From time to time, I find an application that seems to be a good fit for regular expressions (regex). In those situations, I usually reread a regex tutorial. Just enough to remember its syntax and fulfill the task at hand. However, I was never really able to understand how regex really works. It was just some kind of efficient and intricate pattern matching on strings that I didn’t really understand.
Lately, I’ve been reading Eloquent JavaScript. It has a chapter dedicated to regular expressions. Since I’m already (kind of) familiar with regex, I almost skipped it. Fortunately, I didn’t. That chapter included a very simple and good explanation of the way a regular expression is tested against strings, which I’m going to describe in this post.
How regex matches patterns
The key idea is that regex operates like a flow diagram. To each pattern (or element) in the regular expression, corresponds one node in the diagram.

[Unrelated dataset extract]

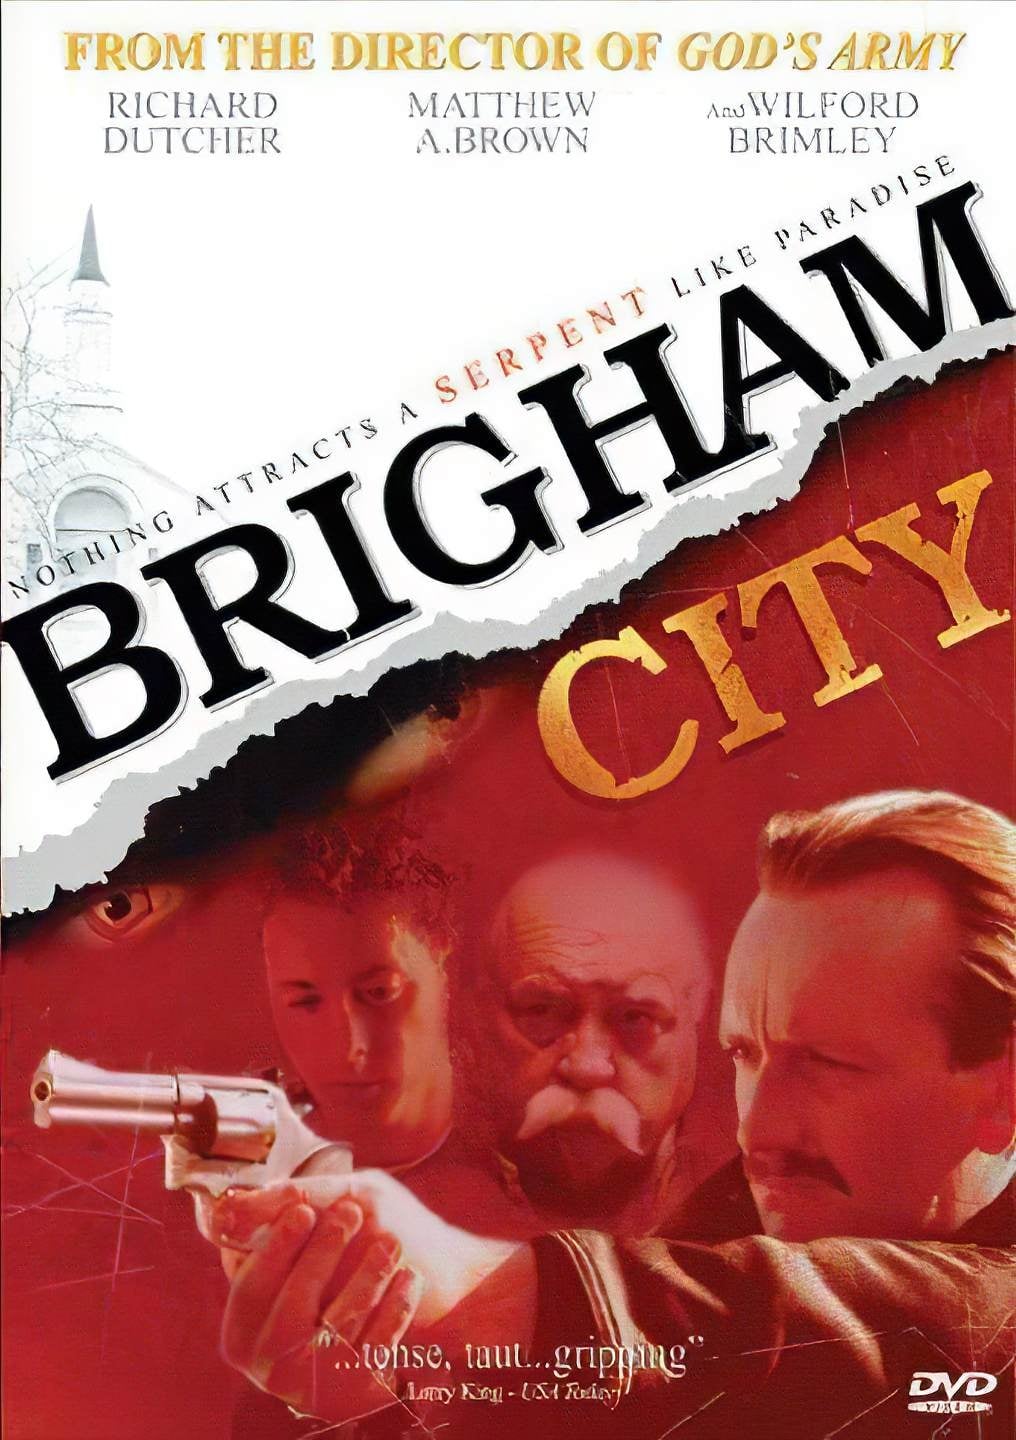 Brigham City

Let’s see one such diagram for the 19[0-9]{2} regular expression:
When trying to match the regular expressioon against a string, the goal will be to traverse the whole diagram, from left to right. The first node corresponds to the string 19. After that, we need, two times, any of the characters in the range 0-9. This means the regex above will match any number between 1900 and 1999.
The matching starts from the first character in the tested string. Then, each node is matched with a part of the string. If this is successful, it moves to the next node, and so on until a complete match is found. If it fails, the current starting character is skipped and the process is repeated with the next character in the string.
Let’s analyze this process with the following string.
The year was 1984
When matching against the regular expression 19[0-9]{2}], it will start with character T. Since the diagram requires the first character to be 1, it will fail. This process will be repeated all the way to the 13th character, 1. From there, it will verify that the next character is 9, completing the first node 19 in the diagram, and then continue to the next node that requires two times a character in the range 0-9. Finally, it will match 1984.
Let’s take a look at a couple of extra features of regular expressions that can be understood with this diagram.
Branching between patterns
We know that we can match any of cat , pat, and sat with the regex (c|p|s)at. Using the choice operator |, we match any of c, p, or s with the first pattern group. The diagram looks as follows:
The mechanism at play is very similar to the one described in the previous section. The particularity is that there are several different paths to traverse the diagram from left to right to find a match.
Looping a pattern
We can use special quantifiers to match the same pattern a certain number of times:
+: matches the preceding pattern one or more times.*: matches the preceding pattern zero or more times.?: matches the preceding pattern zero or one time.
This is akin to creating a loop in the diagram.
Let’s see an example for the cats* regular expression.
Here, we have one path where s is not necessary at all to have a match and a loop that will take any number of repeated s characters. Both, cat and catsss are possible matches.
Greedy-matching
The example of the last section raises one final aspect of regular expressions that we will consider. If we were to test the string catsss against the cats+ regular expression, would the corresponding match be cats or catsss? (Remember that the + quantifier requires at least one match)
By default, the quantifiers will match the longest possible string. This is known as greedy-matching. We can imagine that the regular expression will try to match all the way down to the end of the string and backtrack from there until a match is fulfilled.
To get the shortest possible match instead of the longest one, we have to modify the quantifier appending a ?. That’s how we can match for cats using the modified regex cats+?.